Pierne v. Valentine

Decision Date02 December 1943
Citation52 N.E.2d 890,291 N.Y. 333
PartiesPIERNE v. VALENTINE, Police Com'r. et al. HARVEY v. SAME. KEEVAN v. SAME.
CourtNew York Court of Appeals Court of Appeals

OPINION TEXT STARTS HERE

Appeal from Supreme Court, Appellate Division, Second Department.

Proceedings in the matter of the three separate applications of Camille C. Pierne, of Terence J. Harvey and of Thomas F. Keevan against Lewis J. Valentine, police commissioner of the City of New York, and others for an order pursuant to Civil Practice Act, s 1283 et seq., prohibiting respondent from proceeding with the hearing of charges and specifications filed against petitioners with the police department of the City of New York. An order of the court at Special Term (Hallinan, J.; opinion 179 Misc. 114, 37 N.Y.S.2d 519) denied a motion by petitioners for such order and dismissed the petitions without prejudice to any further proceeding. The Appellate Division of the Supreme Court in the Second Judicial Department entered an order on May 3, 1943, 266 App.Div. 70, 42 N.Y.S.2d 404, reversing on the law by divided court the order of the court at Special Term and granted a motion in each proceeding. From such order, the commissioner and others appeal. By stipulation the proceedings were consolidated for purposes of appeal.
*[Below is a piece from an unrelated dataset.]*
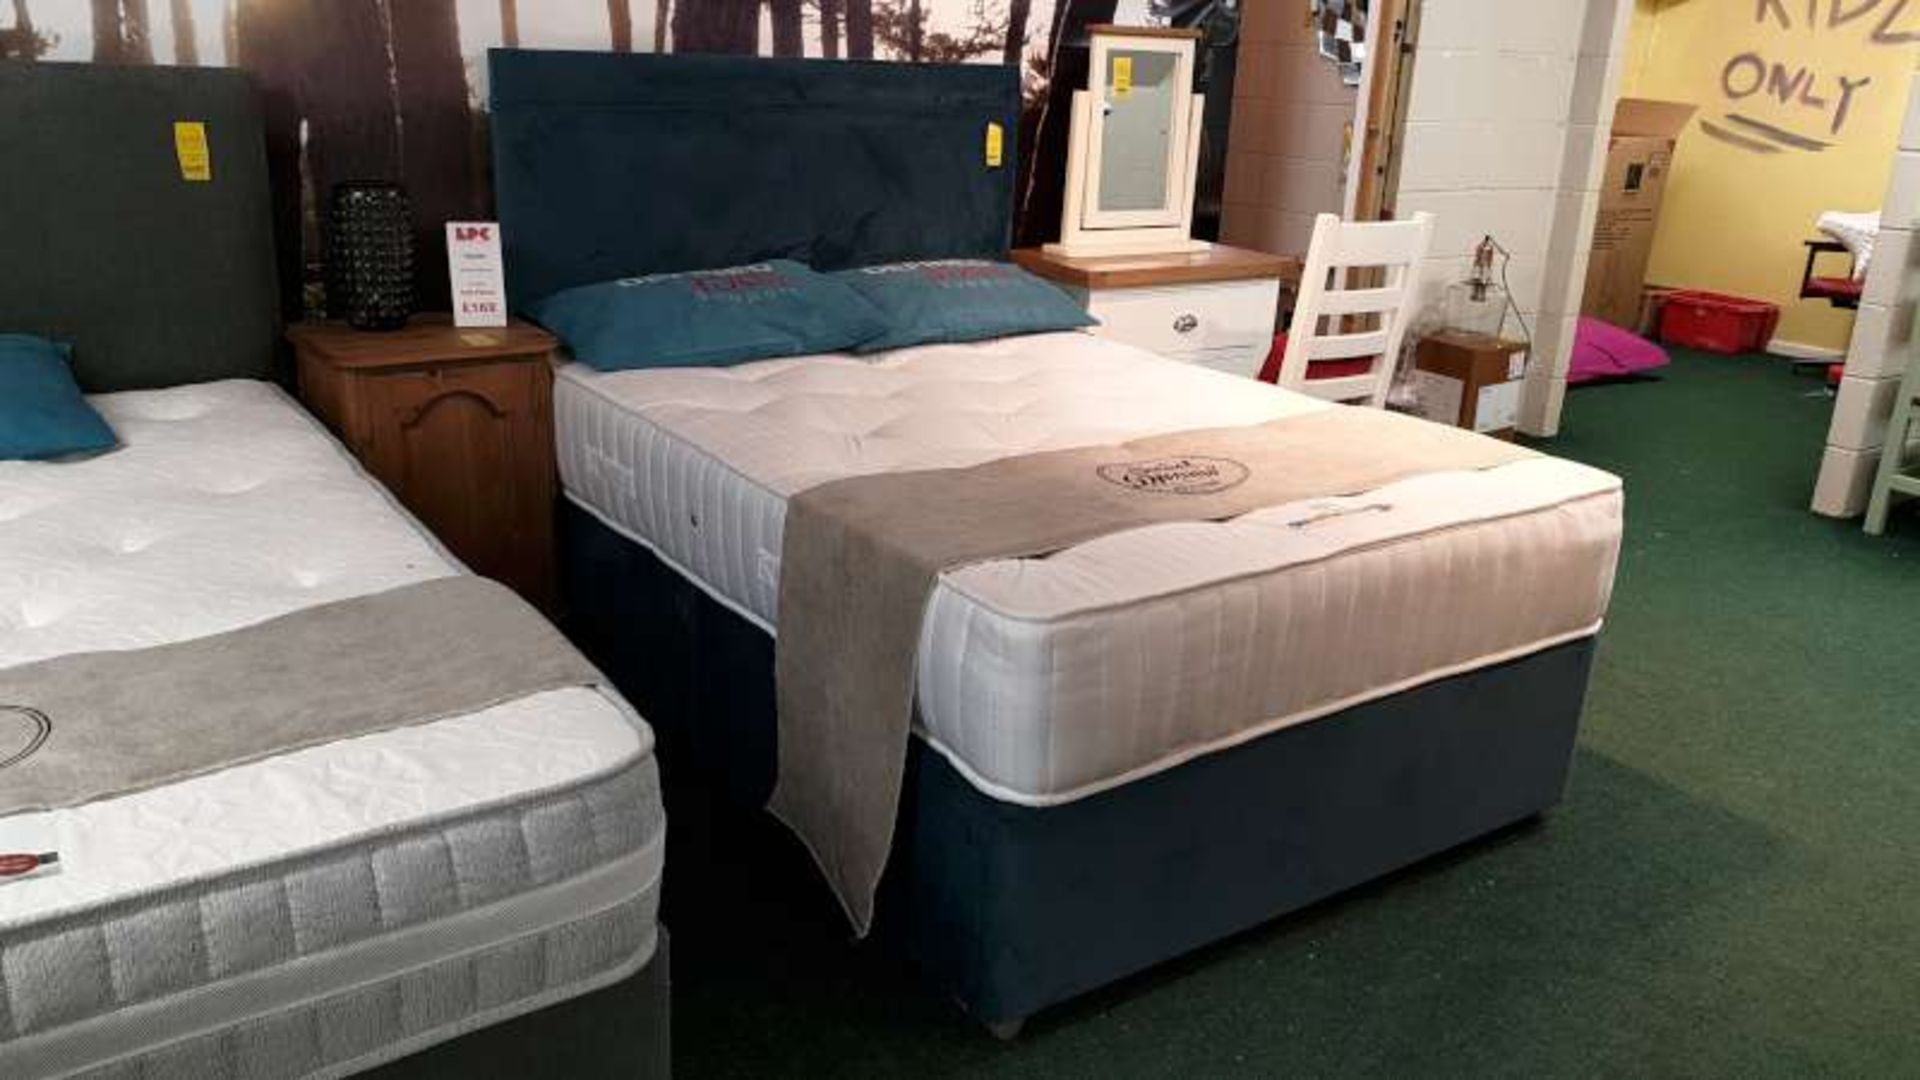 BLUE FABRIC DOUBLE BED COMPLETE WITH LAMBETH 800 MATTRESS TOTAL RRP £849

Order of Appellate Division reversed and that of Special Term affirmed in the matter of Keevan, and the order affirmed in the matter of Pierne and matter of Harvey. Robert H. Schaffer, Acting Corp. Counsel, of New York City (Paxton Blair and Raymond J. Horowitz, both of New York City, of counsel), for appellants.

Sydney Rosenthal and Benjamin J. Jacobson, both of Long Island City, for respondents.

LEHMAN, Chief Judge.

On March 16, 1942, the petitioner-respondent Camille C. Pierne, an inspector in the police department of the City of New York, filed an application for retirement from the police force effective at midnight on the same day, and to be placed on the roll of the police pension fund and to be granted an annual pension during his lifetime, according to law. At the time the application was made the petitioner-respondent had been a member of the police force for more than thirty years, was over the age of fifty-five years, and no formal charges were at that time pending against him.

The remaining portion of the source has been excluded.